- WORK REQUEST: Transcribe the full listing without changing a word, and omit its pictures.
====== SUPPLIED INFORMATION ======
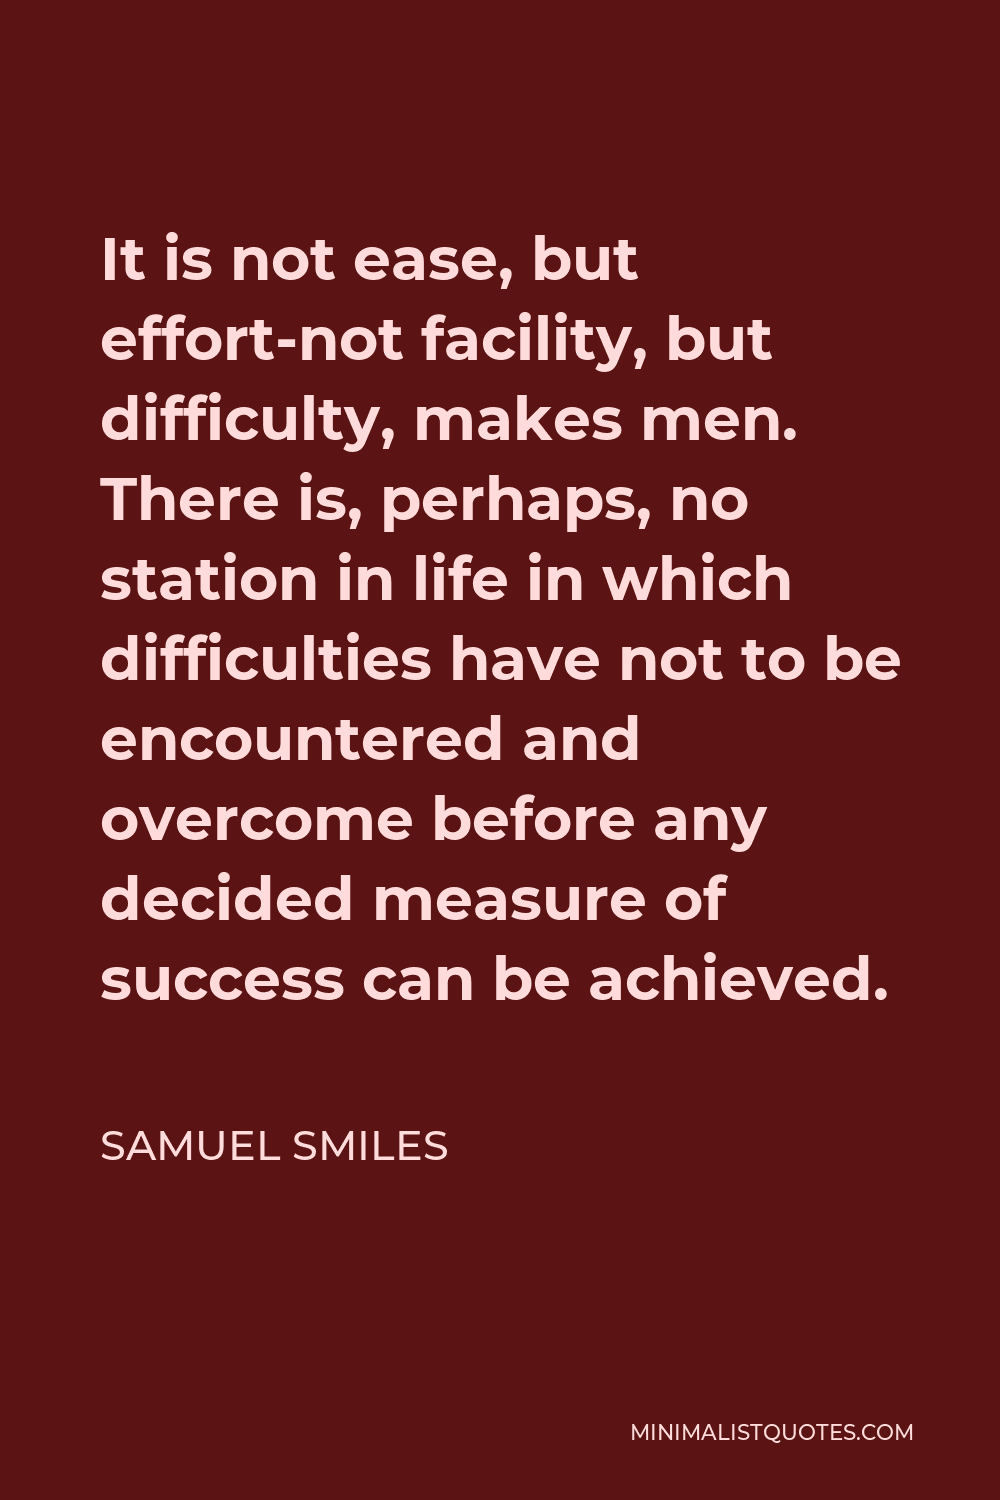 Samuel Smiles Quote - It is not ease, but effort-not facility, but difficulty, makes men. There is, perhaps, no station in life in which difficulties have not to be encountered and overcome before any decided measure of success can be achieved.
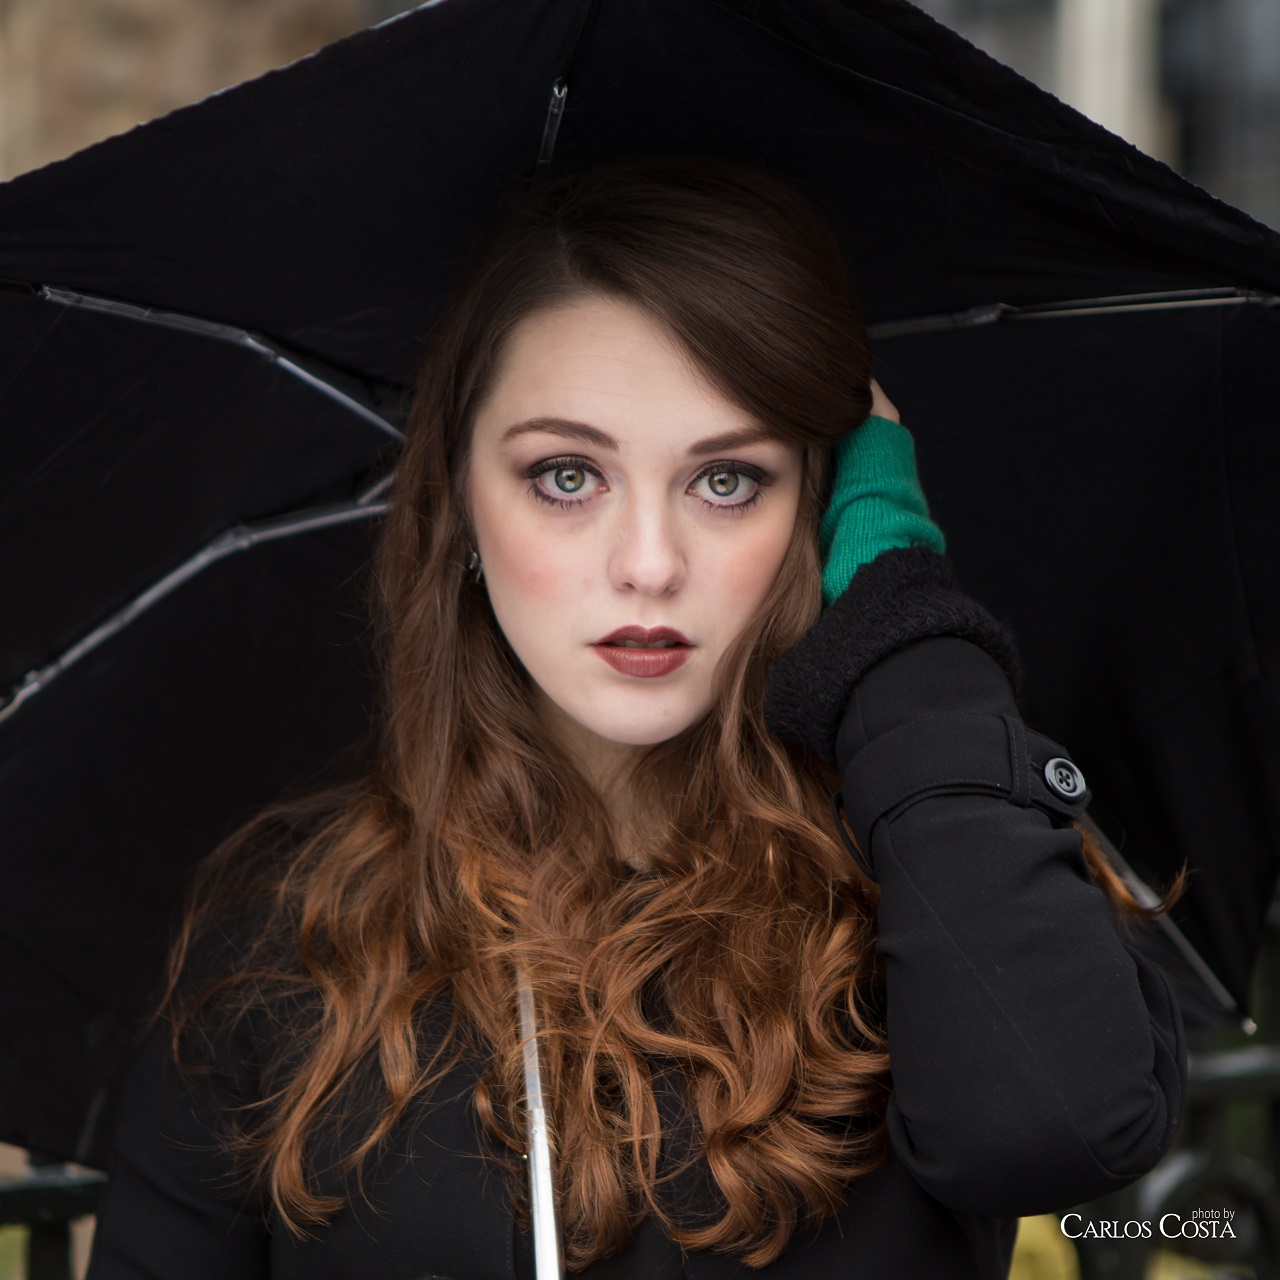 People 1280x1280 Imogen Dyer women brunette black coat women with umbrella one arm up pale looking at viewer umbrella long hair red lipstick model face women outdoors urban Carlos Costa
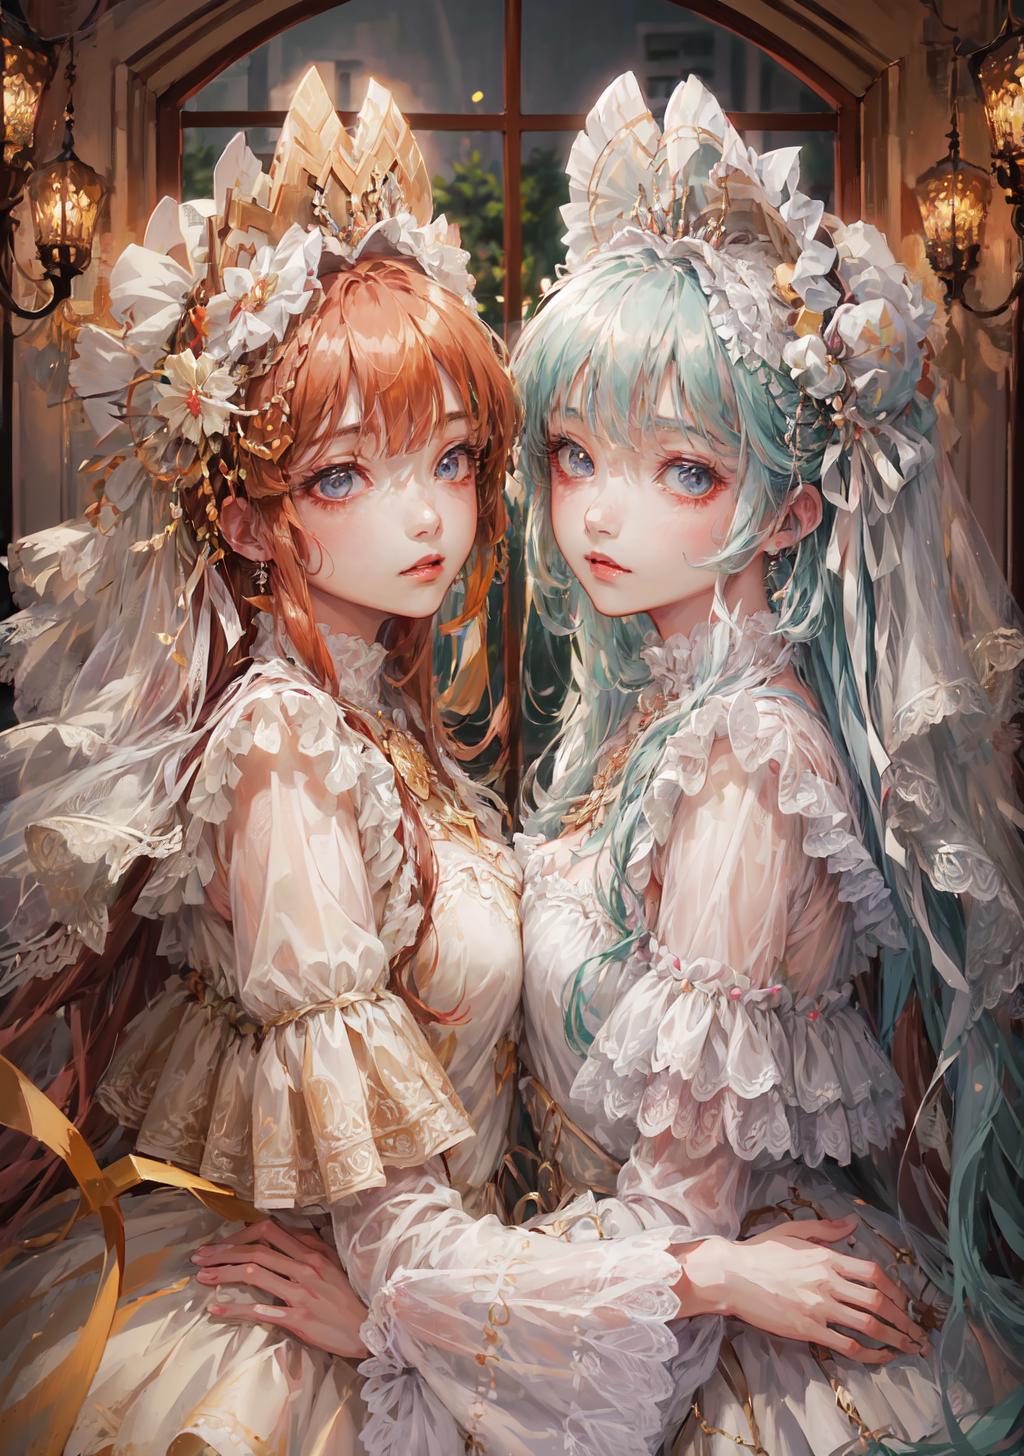 Two Anime Bridesmaids in Wedding Dresses with Flowers in Their Hair
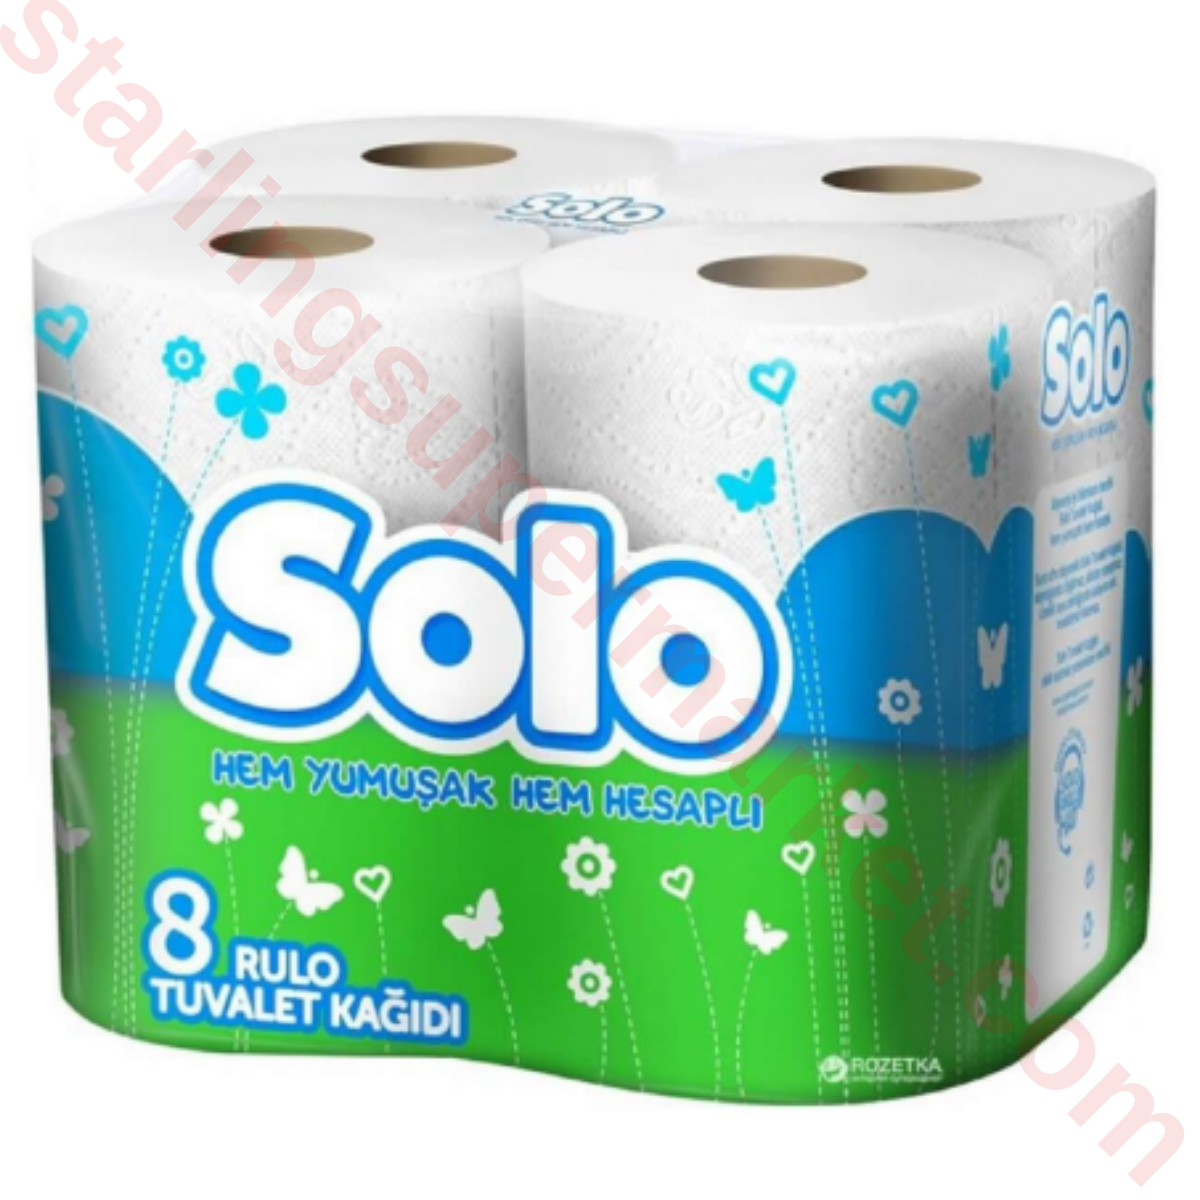 SOLO TOILET PAPER 8 PACK
======
- COMPLETED EXERCISE:
 Samuel Smiles Quote - It is not ease, but effort-not facility, but difficulty, makes men. There is, perhaps, no station in life in which difficulties have not to be encountered and overcome before any decided measure of success can be achieved.
 People 1280x1280 Imogen Dyer women brunette black coat women with umbrella one arm up pale looking at viewer umbrella long hair red lipstick model face women outdoors urban Carlos Costa
 Two Anime Bridesmaids in Wedding Dresses with Flowers in Their Hair
 SOLO TOILET PAPER 8 PACK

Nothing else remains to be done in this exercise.